Cos we have an open relationship I also have a guy who Ive been sleeping with as well.
She dosent mind him at all we've even discussed 3somes together and stuff so she was fine with him. I dont love him at all he's just a friend who I have sex with it satisfies both of us cos i get what i need from a man, and he's single so i give him what he needs.
But I've always sort of had the hots for this guy but because at the time me and my girl were in an monongamous relationship I decided to set him up with my best friend. It was cute they make a really sweet couple, and what not, but deep down i know i only set them up so i couldnt cheat on my girlfriend, and it was a year after that when we decided to go experiment with other people.

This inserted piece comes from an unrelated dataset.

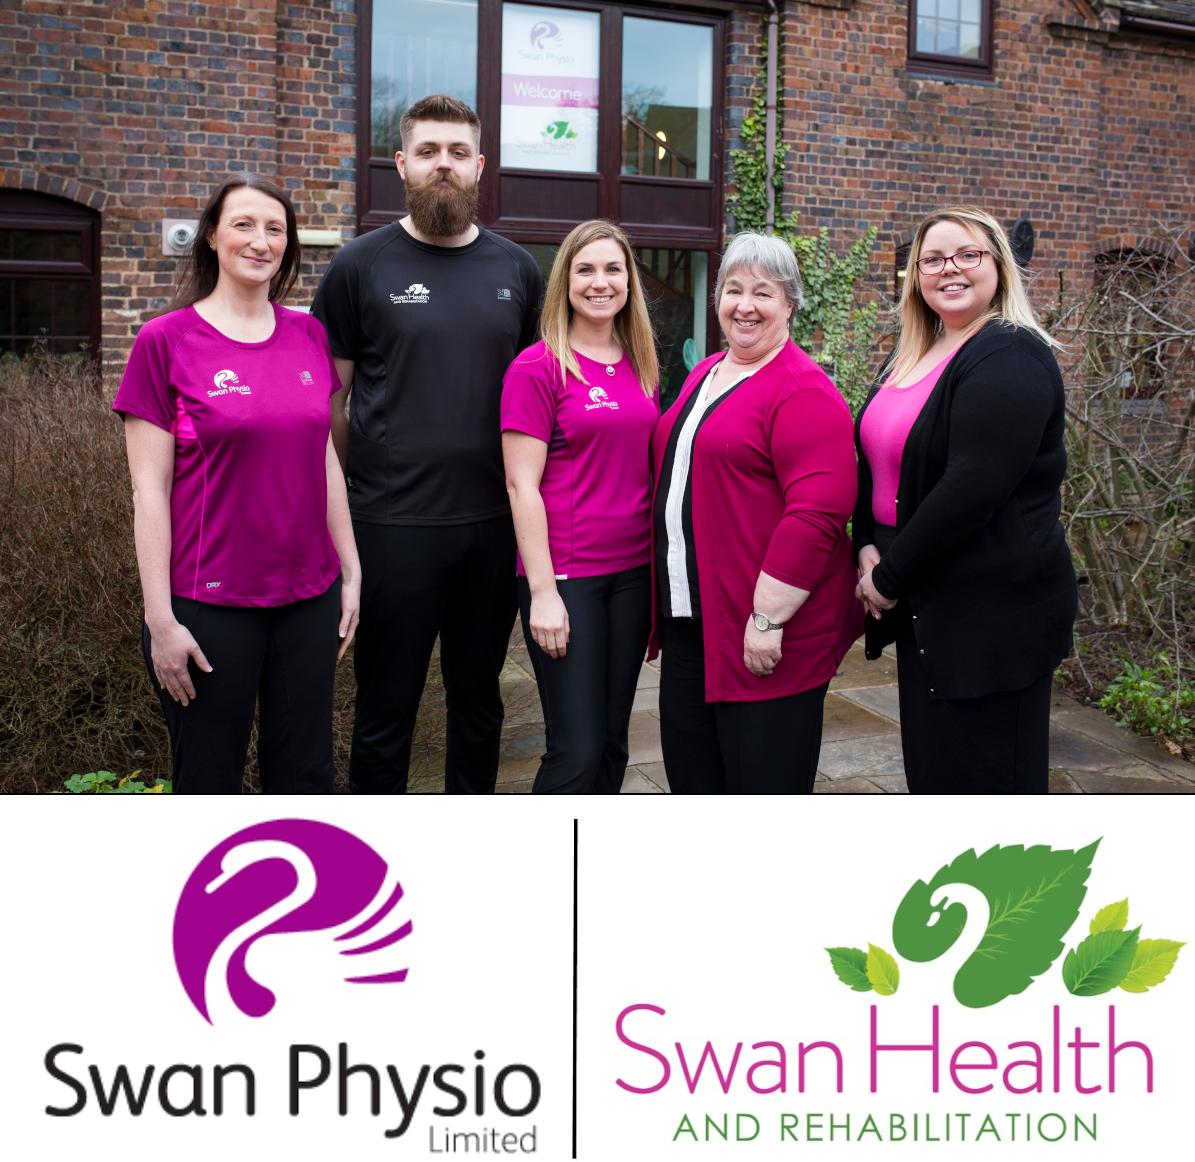 Swan Physio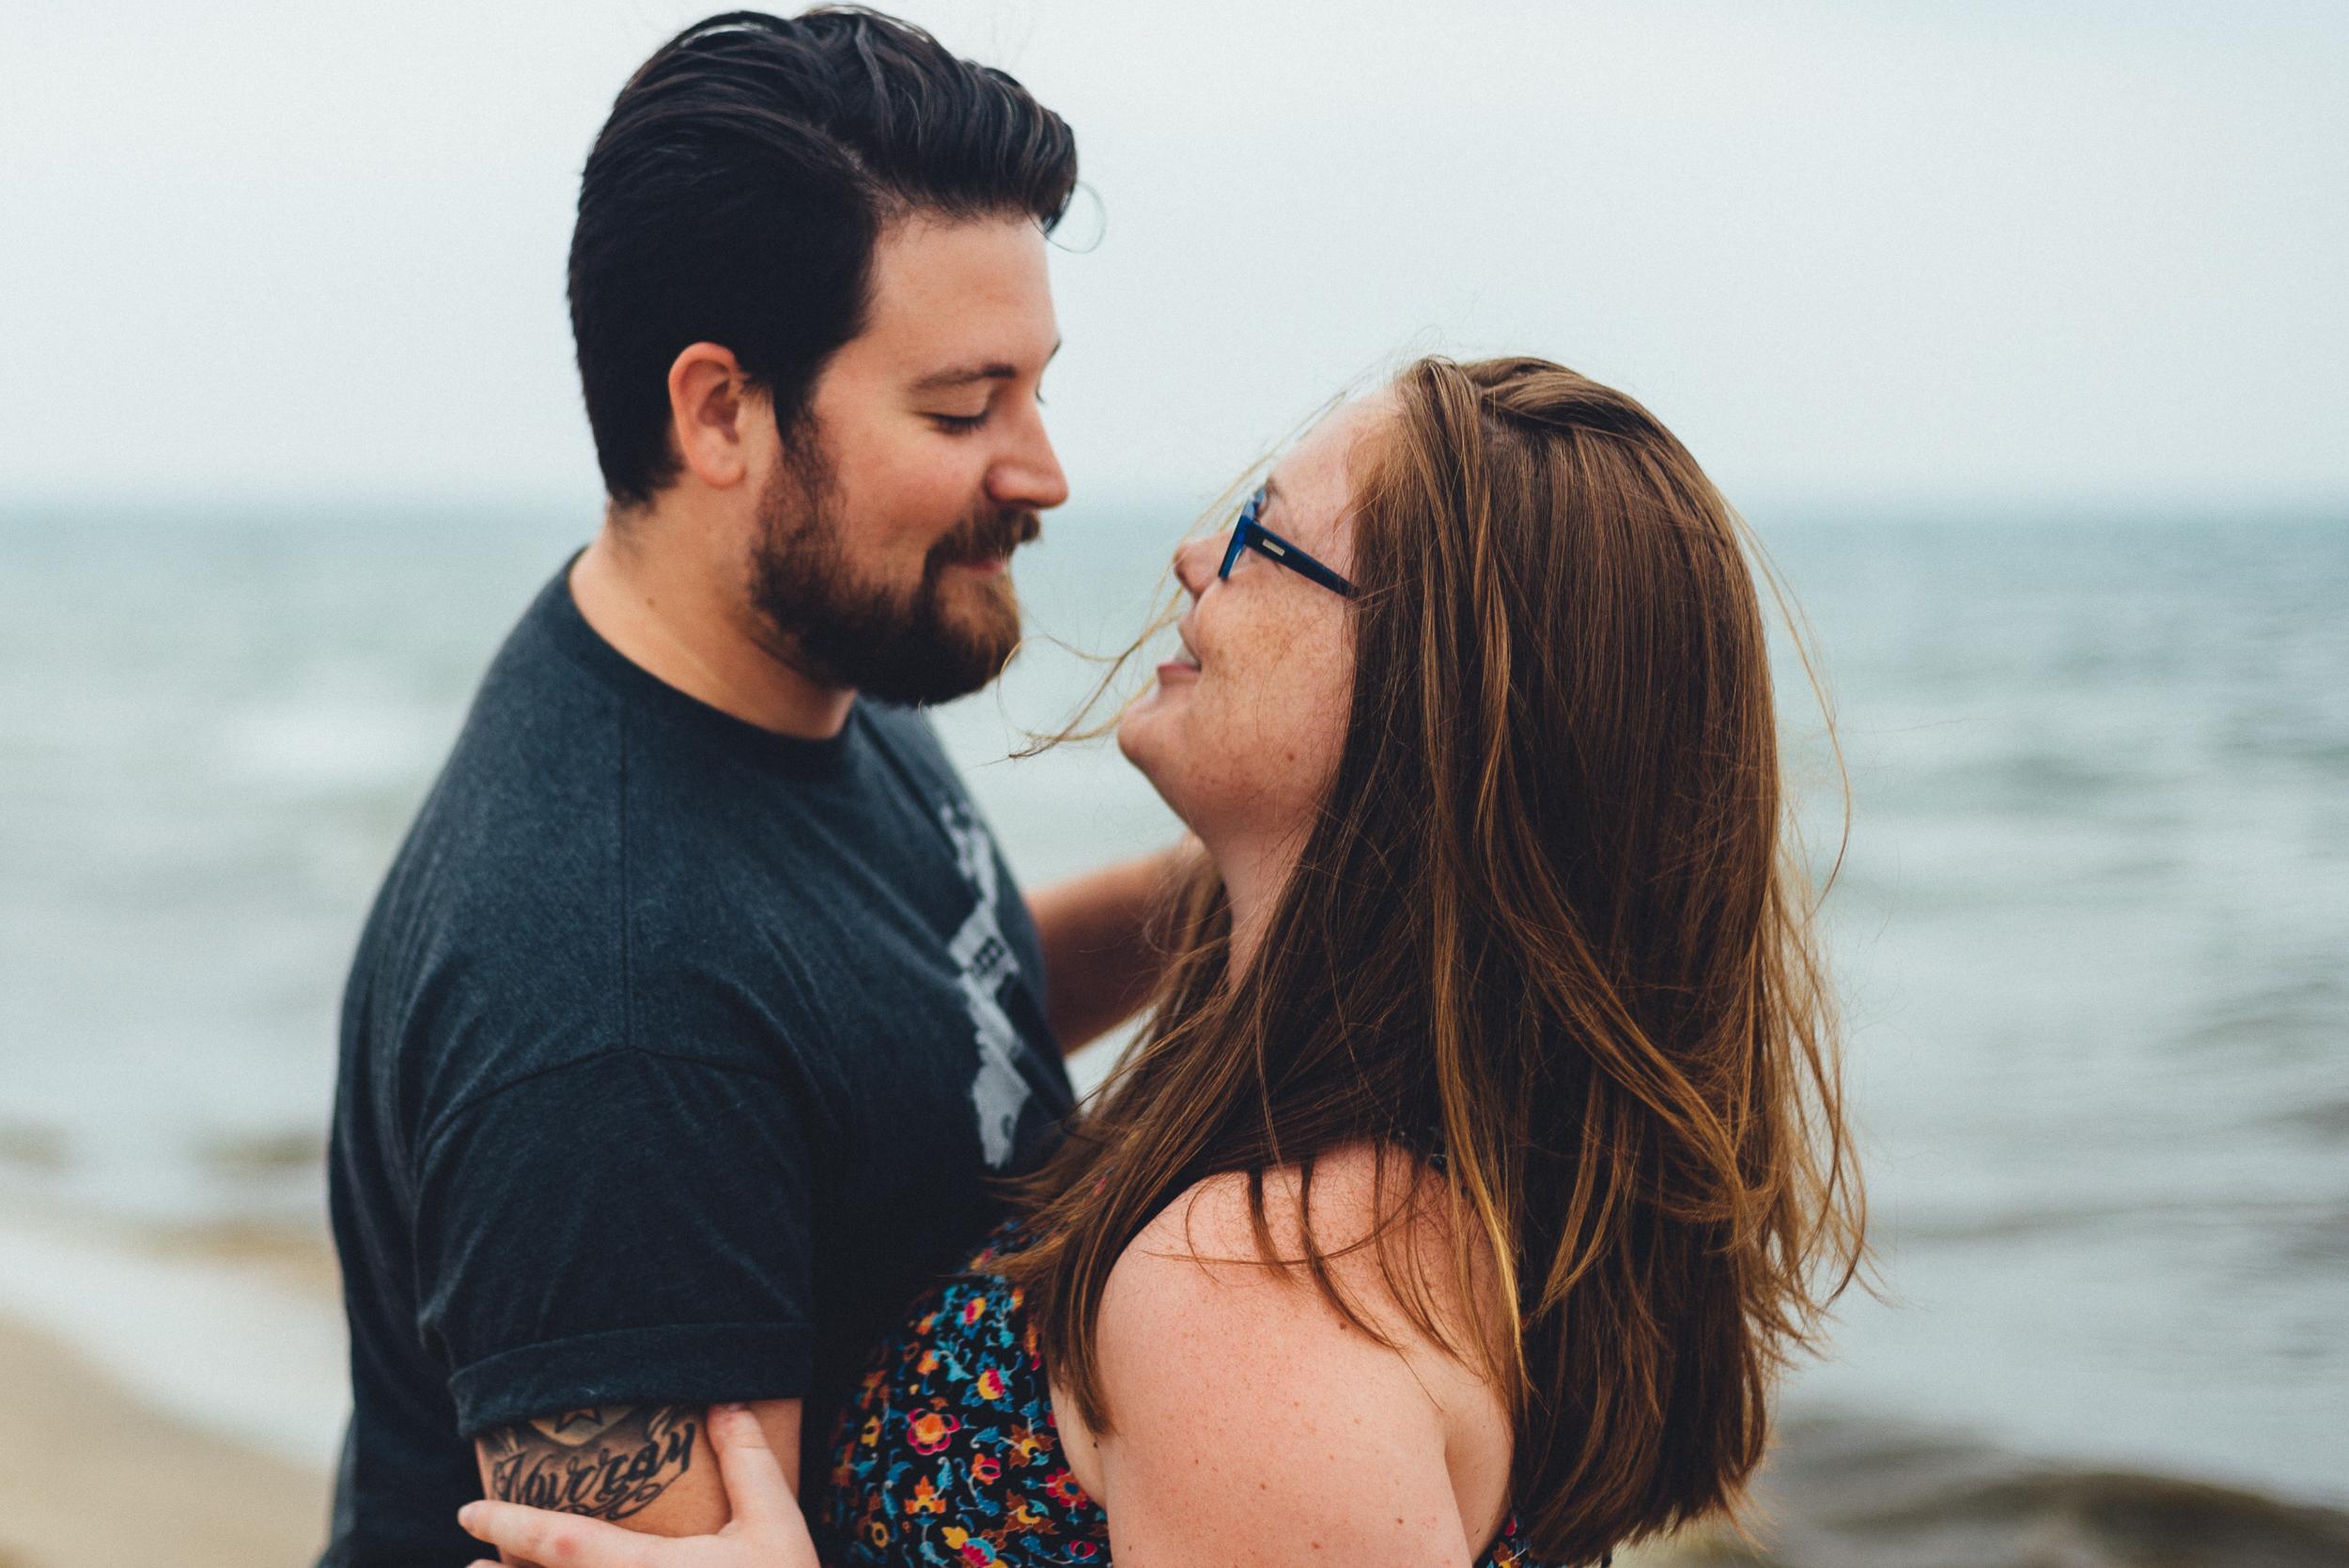 beach_couple_photography_engagment_love_long_island_photographer-18.jpg

Well 2 days ago he and I were talking and having a great time it made me like him more ALOT more he's so fucking sexy!! and funny everything I want. He has those deep brown eyes i could look into all day and his voice is so deep and sexy...Total Hottie, so sensitive and sweet too!!
But my friend has him shes always talks to me about chucking it in and saying she dont think he's the right guy for her, but she hasnt done it yet she says she will but u know she dosent act like it.
The last thing i want to do is hurt my best friend i love her as a friend i really do. And my girl Ive known her forever she means so much to me, but I really want to be with this guy.
What shall i do?
I think i have to dump the guy im seeing on the side...but what do i do about my girlfriend my best friend and the man Im in love with?